Data block -
+---+

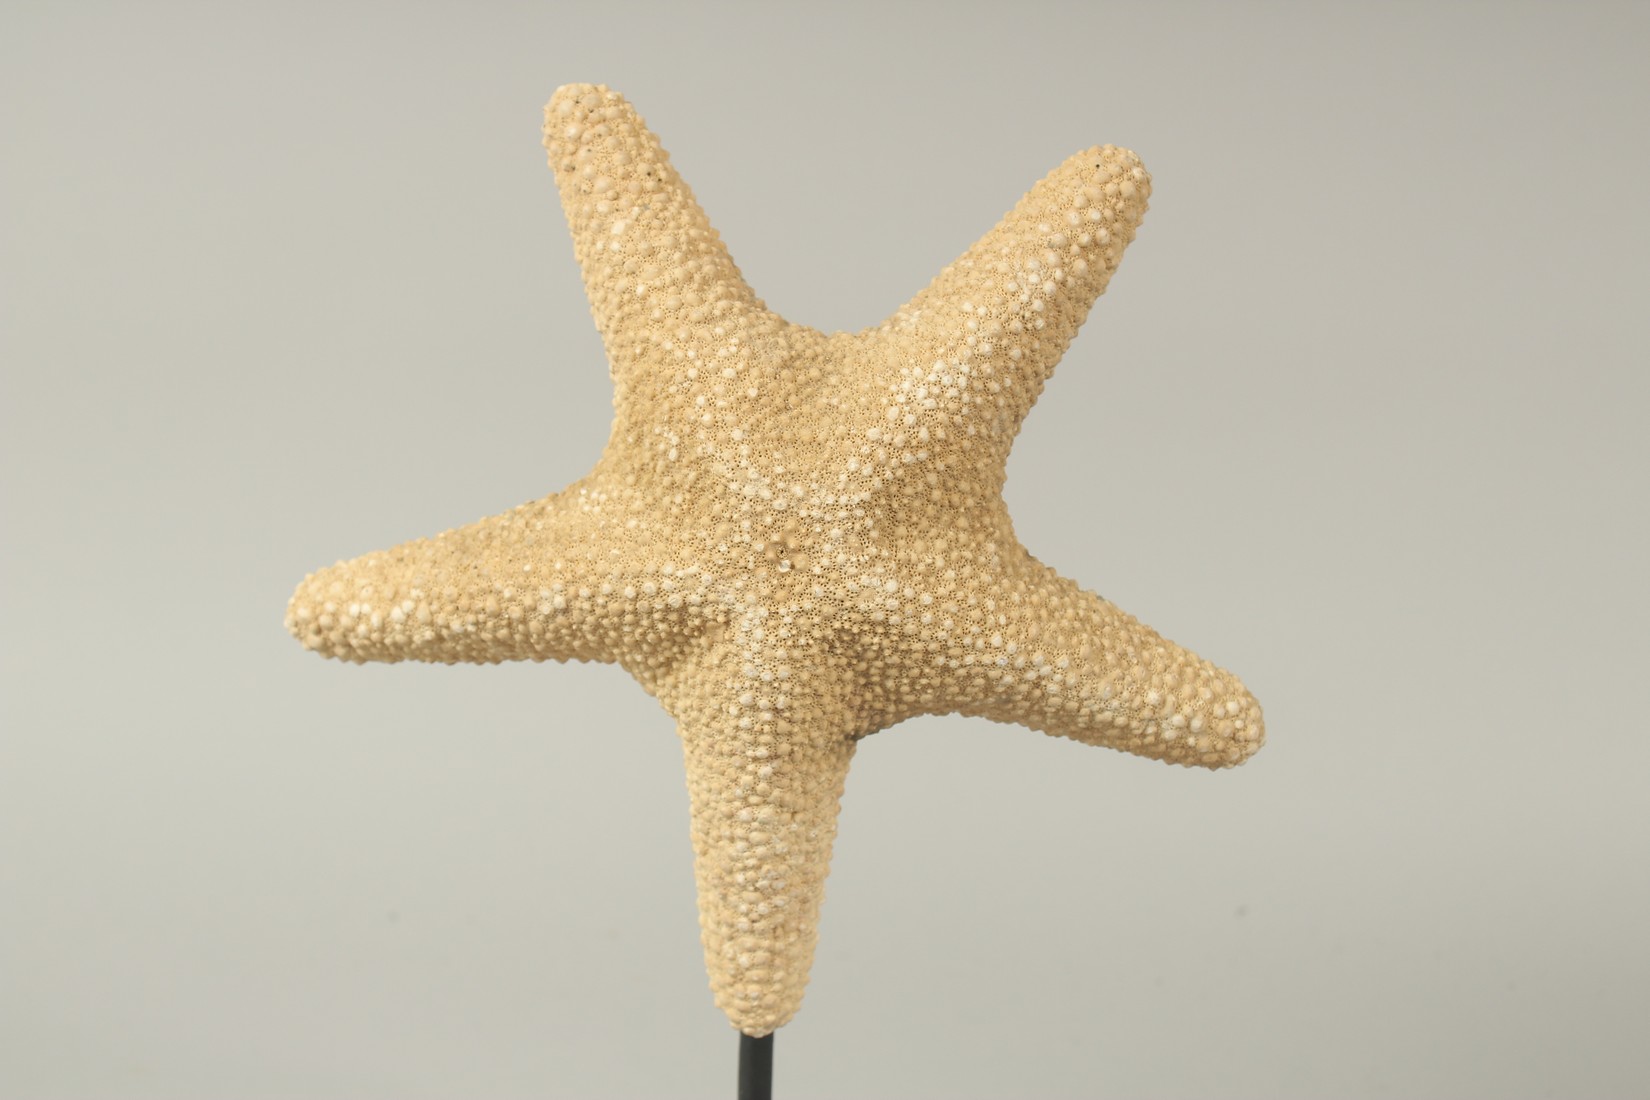 A STAR FISH SPECIMEN on a stand. - Image 2 of 3
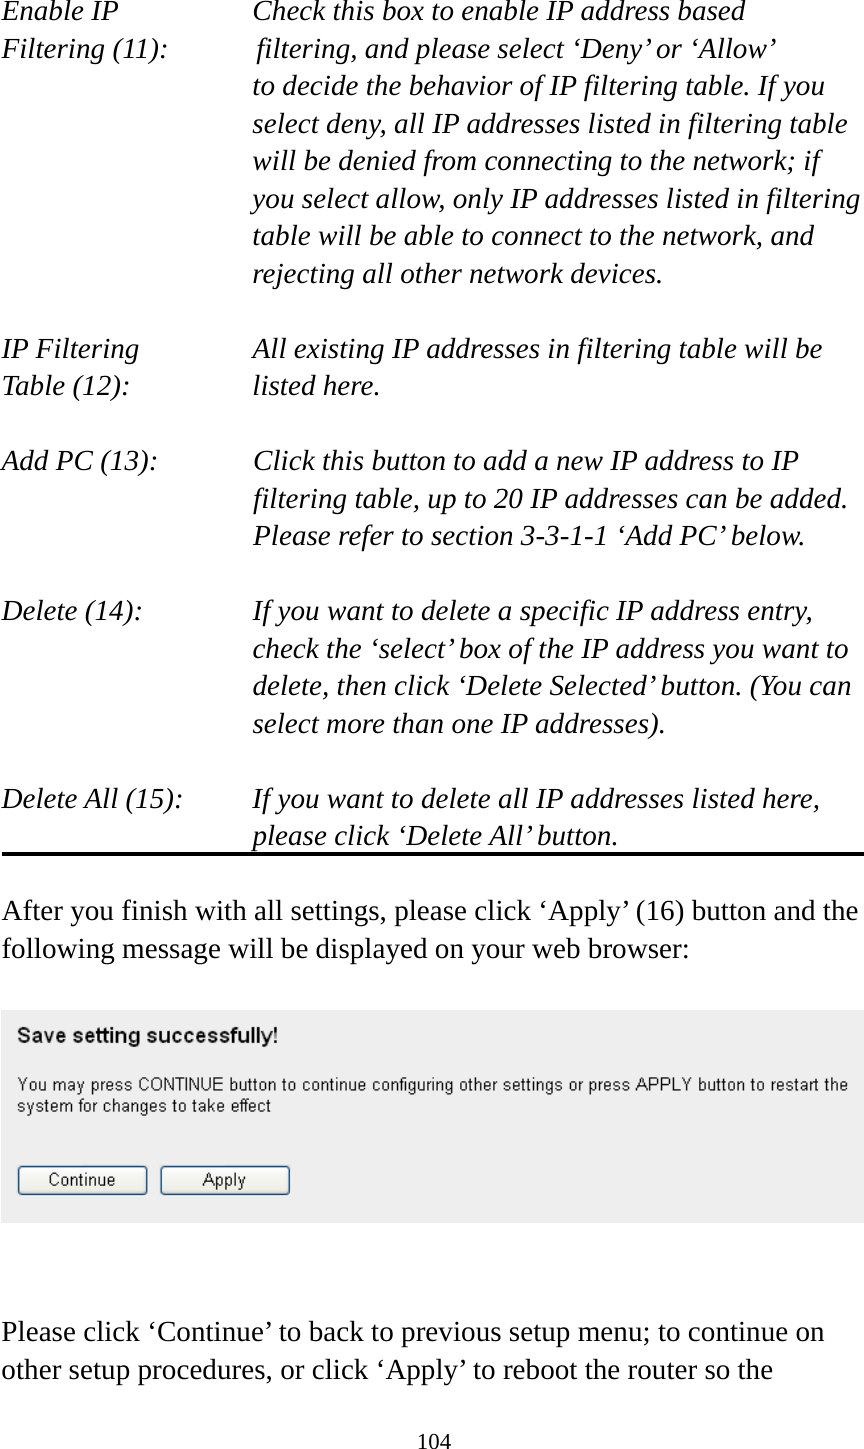 104  Enable IP        Check this box to enable IP address based Filtering (11):      filtering, and please select ‘Deny’ or ‘Allow’   to decide the behavior of IP filtering table. If you select deny, all IP addresses listed in filtering table will be denied from connecting to the network; if you select allow, only IP addresses listed in filtering table will be able to connect to the network, and rejecting all other network devices.  IP Filtering      All existing IP addresses in filtering table will be Table (12):       listed here.  Add PC (13):    Click this button to add a new IP address to IP filtering table, up to 20 IP addresses can be added.   Please refer to section 3-3-1-1 ‘Add PC’ below.    Delete (14):      If you want to delete a specific IP address entry,     check the ‘select’ box of the IP address you want to delete, then click ‘Delete Selected’ button. (You can select more than one IP addresses).  Delete All (15):    If you want to delete all IP addresses listed here, please click ‘Delete All’ button.  After you finish with all settings, please click ‘Apply’ (16) button and the following message will be displayed on your web browser:     Please click ‘Continue’ to back to previous setup menu; to continue on other setup procedures, or click ‘Apply’ to reboot the router so the 
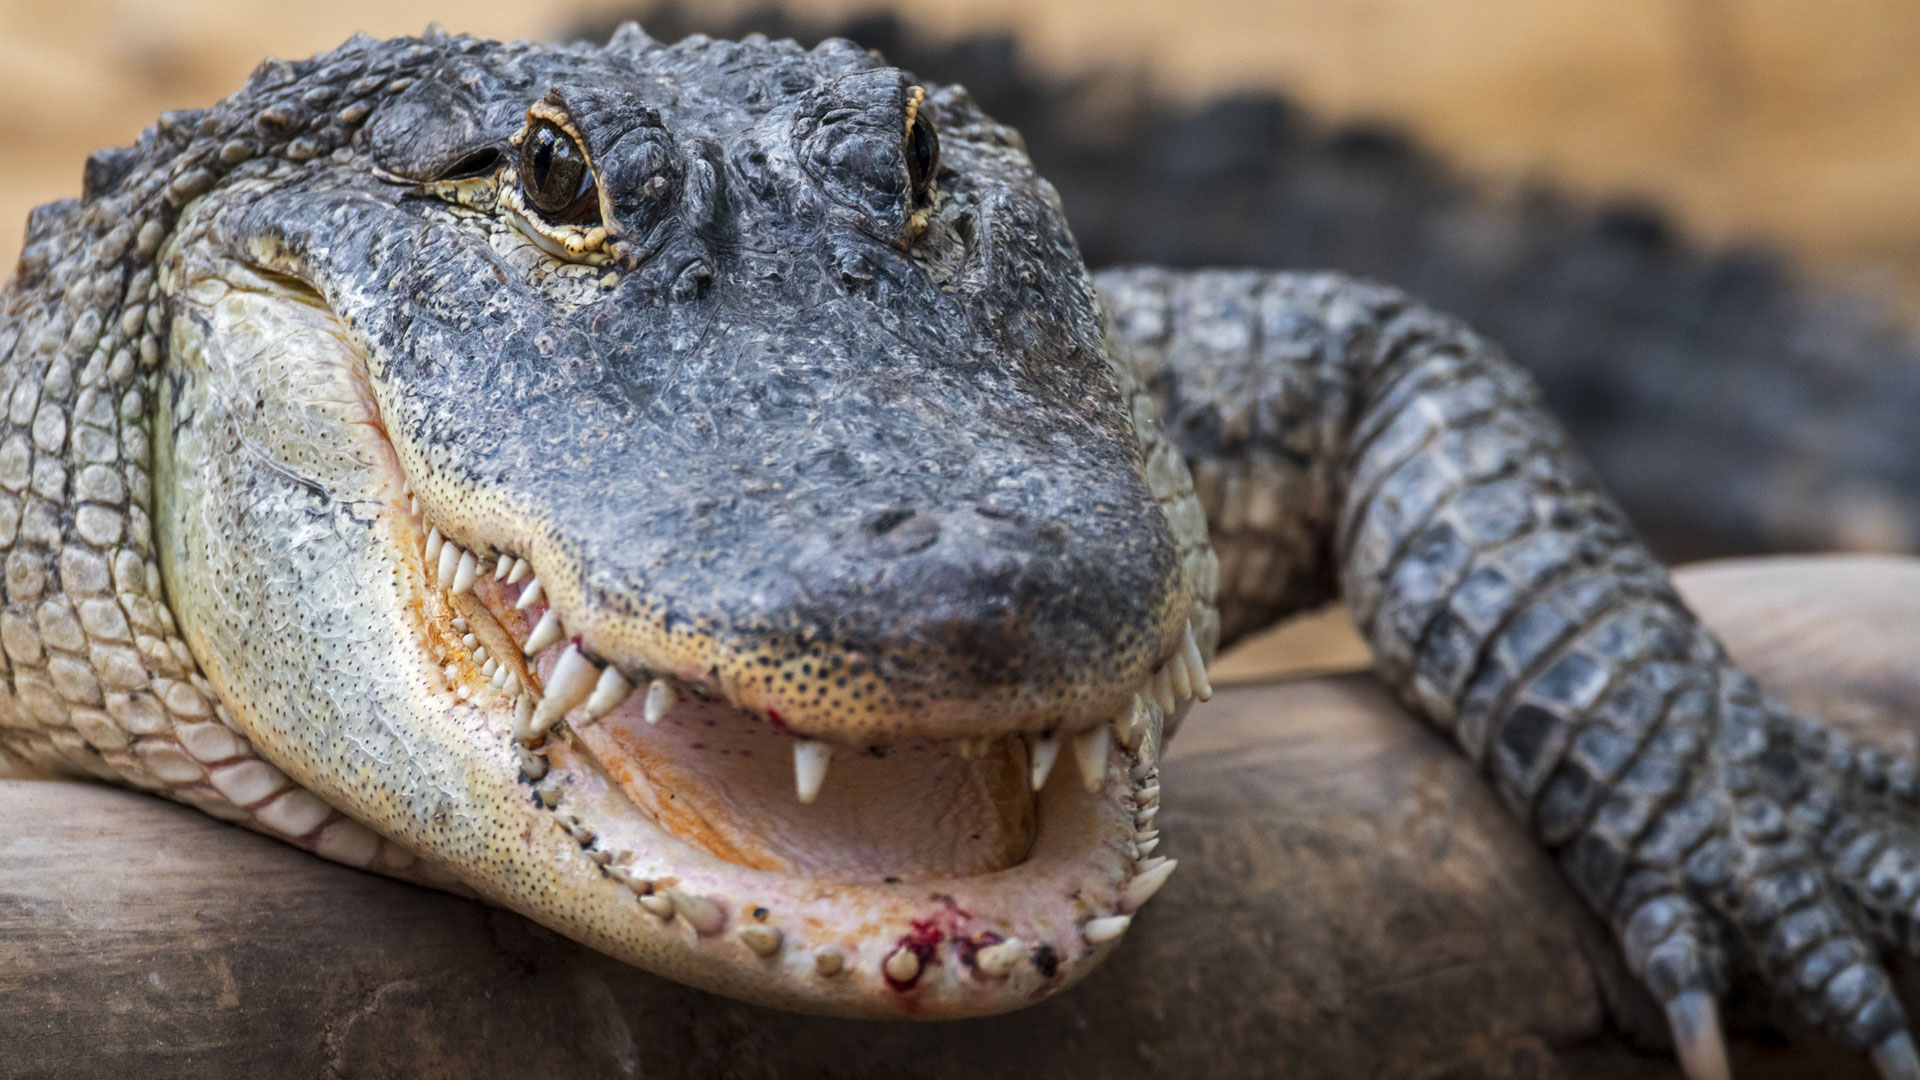 Florida Man Survives Alligator Attack by Shoving His Fingers In Its Eyes

+---+

Activity -
Each line above is to be duplicated exactly, and the pictures are to be omitted.

Exercise output -
 A STAR FISH SPECIMEN on a stand. - Image 2 of 3
 104  Enable IP        Check this box to enable IP address based Filtering (11):      filtering, and please select ‘Deny’ or ‘Allow’   to decide the behavior of IP filtering table. If you select deny, all IP addresses listed in filtering table will be denied from connecting to the network; if you select allow, only IP addresses listed in filtering table will be able to connect to the network, and rejecting all other network devices.  IP Filtering      All existing IP addresses in filtering table will be Table (12):       listed here.  Add PC (13):    Click this button to add a new IP address to IP filtering table, up to 20 IP addresses can be added.   Please refer to section 3-3-1-1 ‘Add PC’ below.    Delete (14):      If you want to delete a specific IP address entry,     check the ‘select’ box of the IP address you want to delete, then click ‘Delete Selected’ button. (You can select more than one IP addresses).  Delete All (15):    If you want to delete all IP addresses listed here, please click ‘Delete All’ button.  After you finish with all settings, please click ‘Apply’ (16) button and the following message will be displayed on your web browser:     Please click ‘Continue’ to back to previous setup menu; to continue on other setup procedures, or click ‘Apply’ to reboot the router so the 
 Florida Man Survives Alligator Attack by Shoving His Fingers In Its Eyes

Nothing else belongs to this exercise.